§ INFORMATION
# # # # #
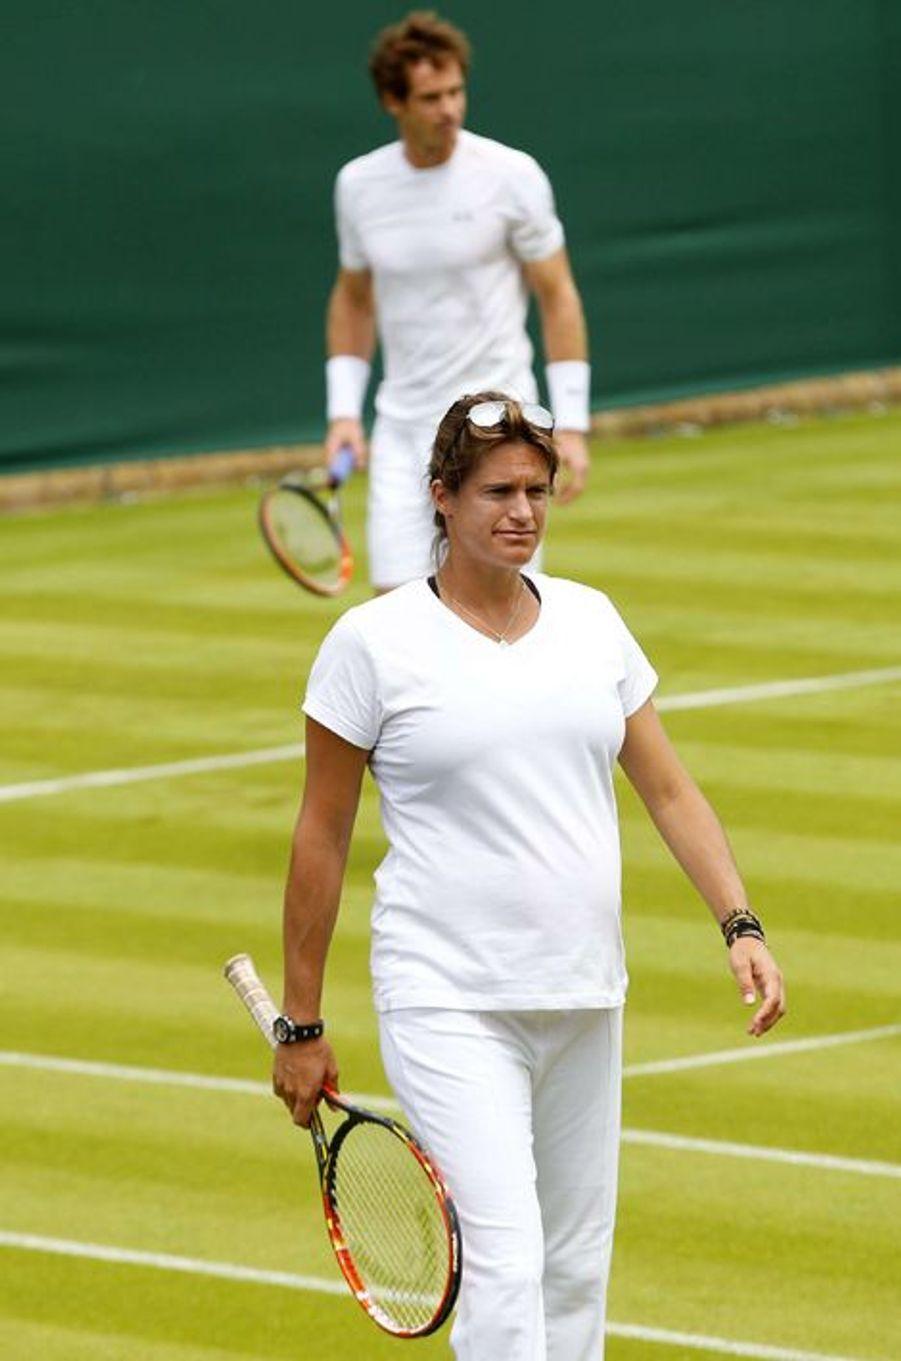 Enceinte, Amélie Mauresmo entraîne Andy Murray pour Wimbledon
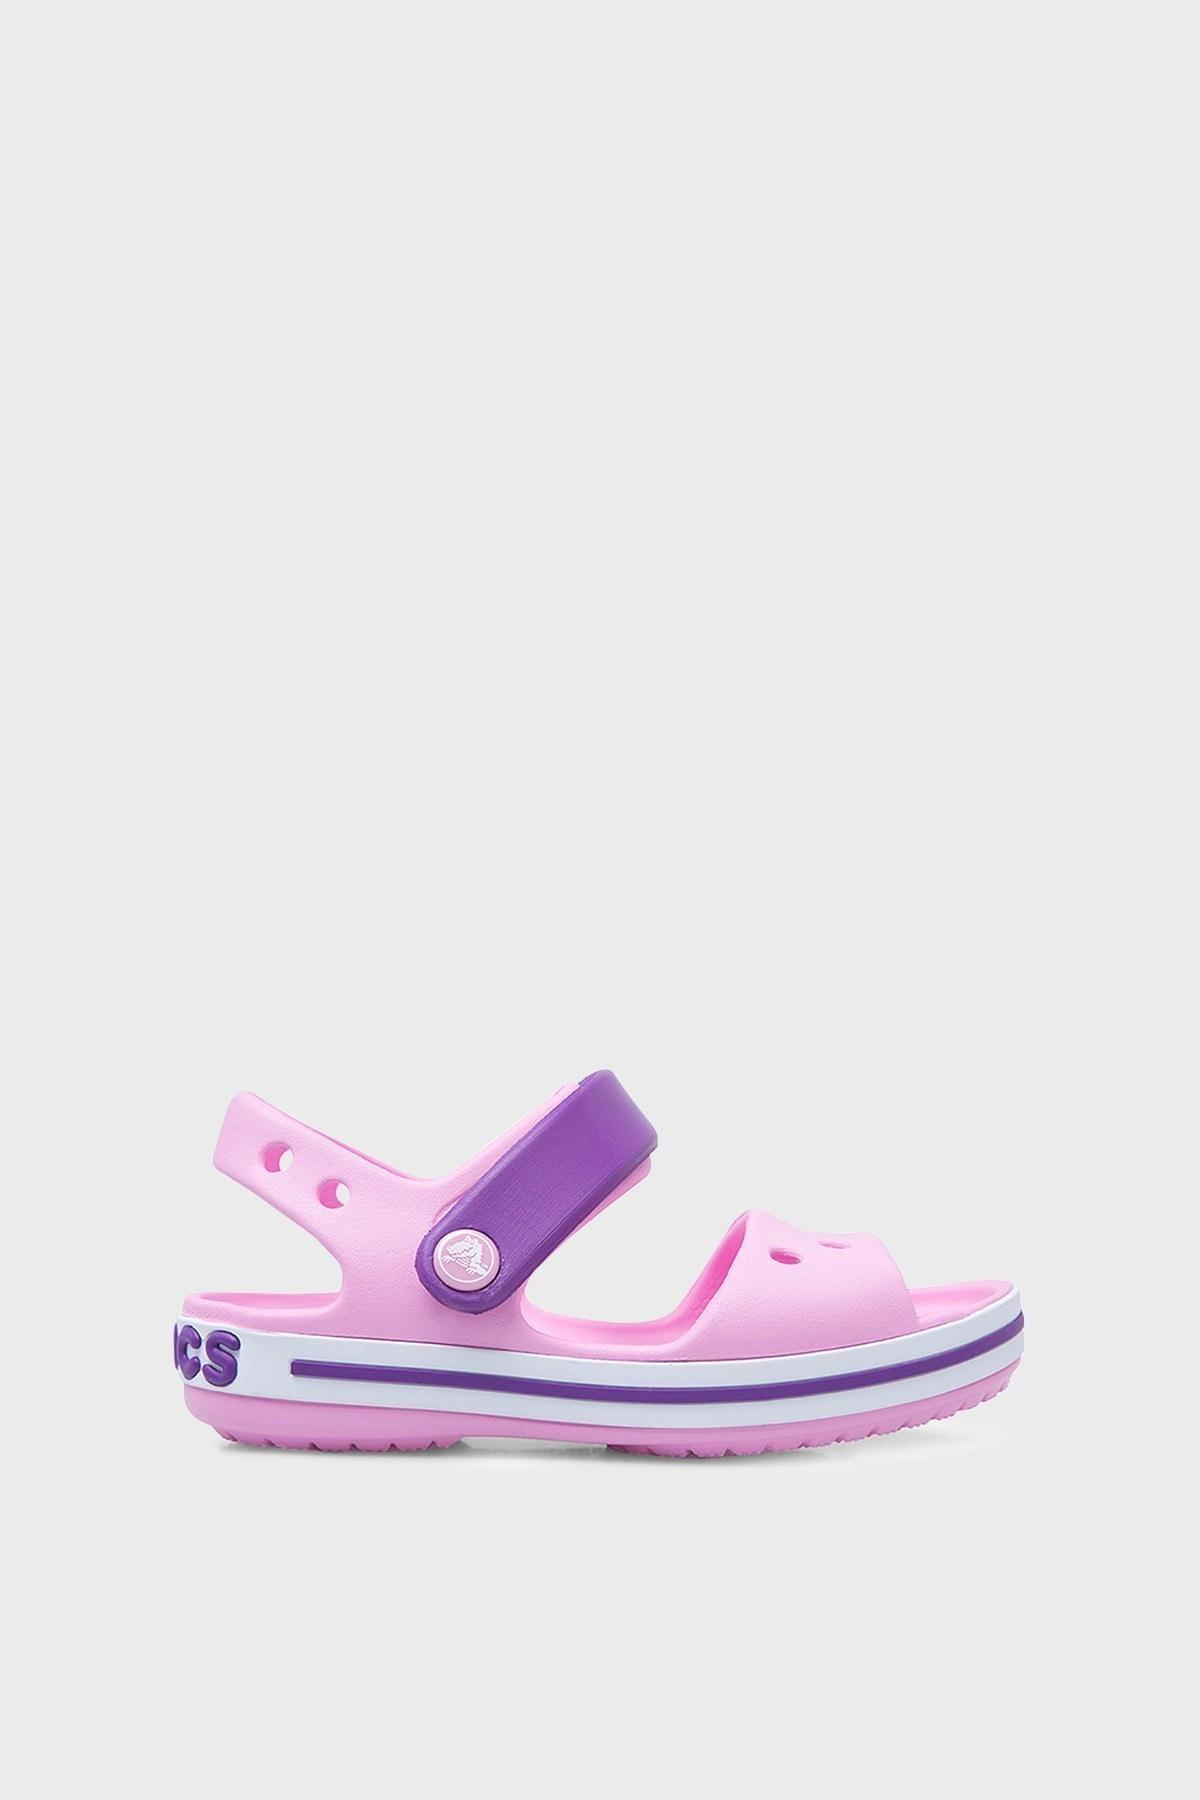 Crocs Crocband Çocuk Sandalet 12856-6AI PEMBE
# # # # #
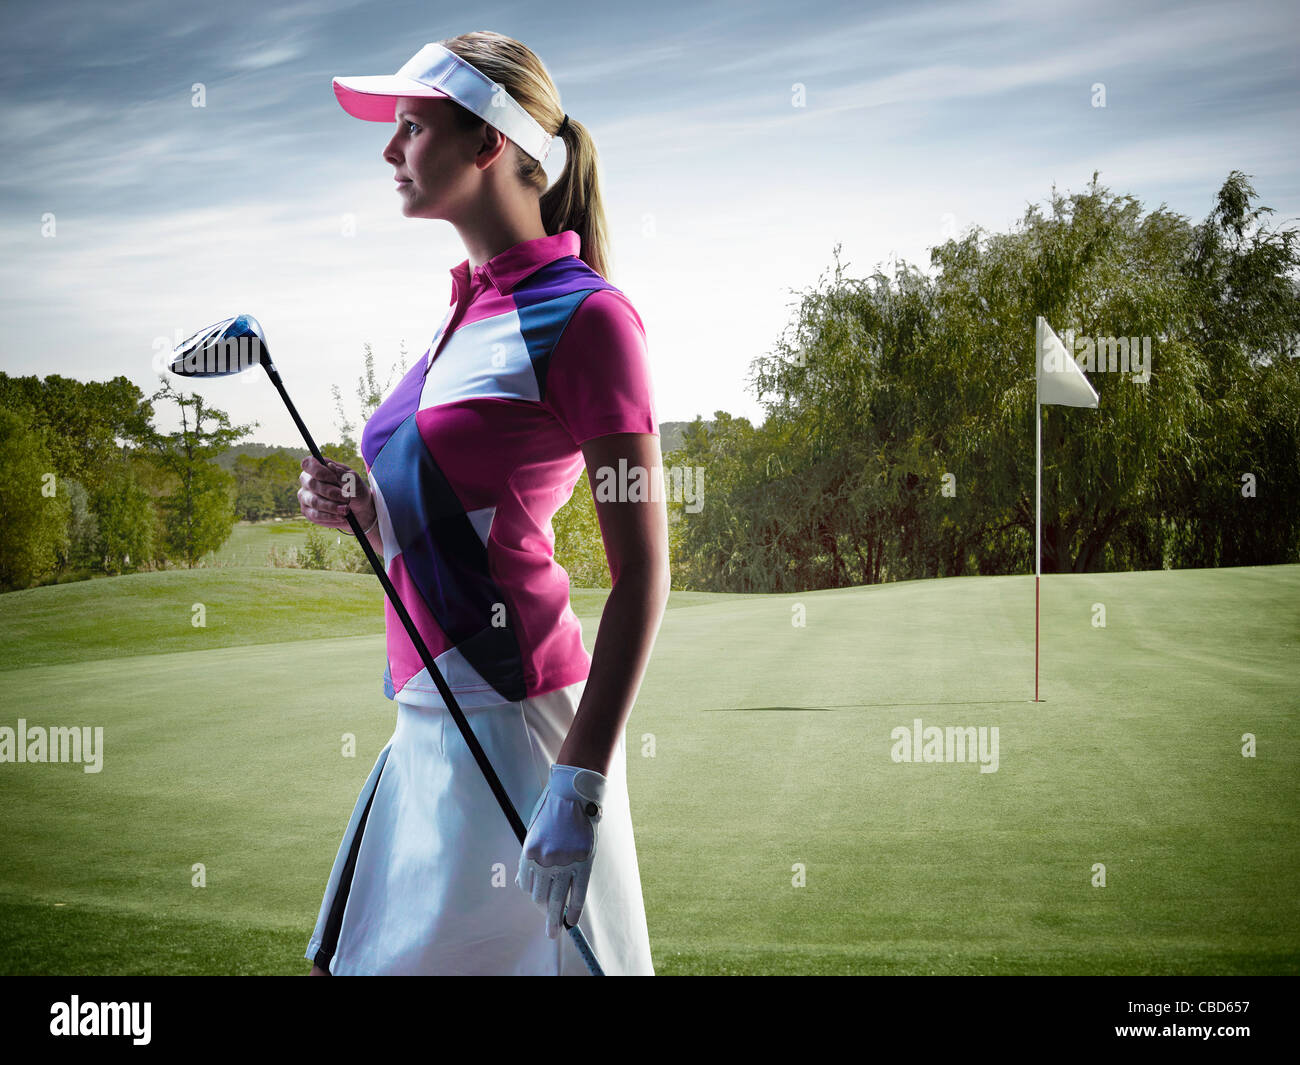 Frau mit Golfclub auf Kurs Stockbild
# # # # #
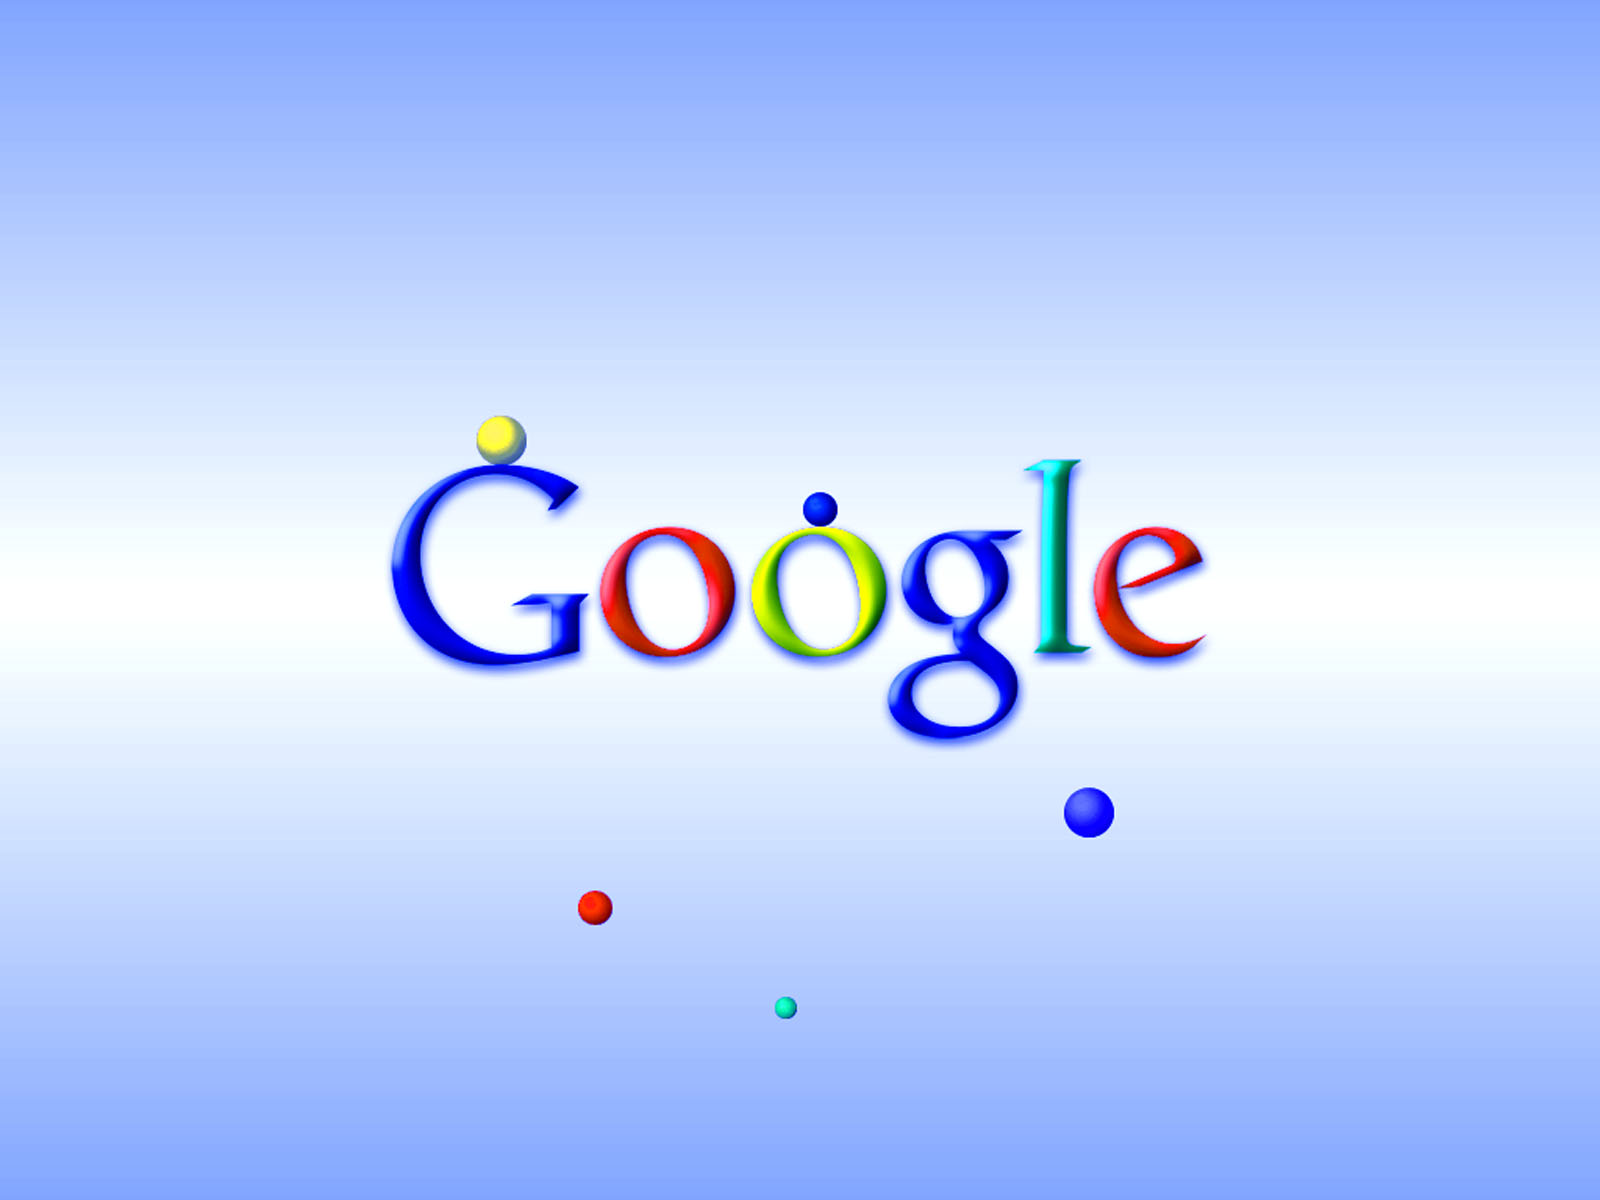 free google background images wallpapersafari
# # # # #
§ TASK BRIEF
Using the records above, return verbatim only the part that opens with the line containing "Enceinte, Amélie Mauresmo" and closes with the line containing "Crocs Crocband Çocuk"; pictures stay out.

§ ANSWER
 Enceinte, Amélie Mauresmo entraîne Andy Murray pour Wimbledon
 Crocs Crocband Çocuk Sandalet 12856-6AI PEMBE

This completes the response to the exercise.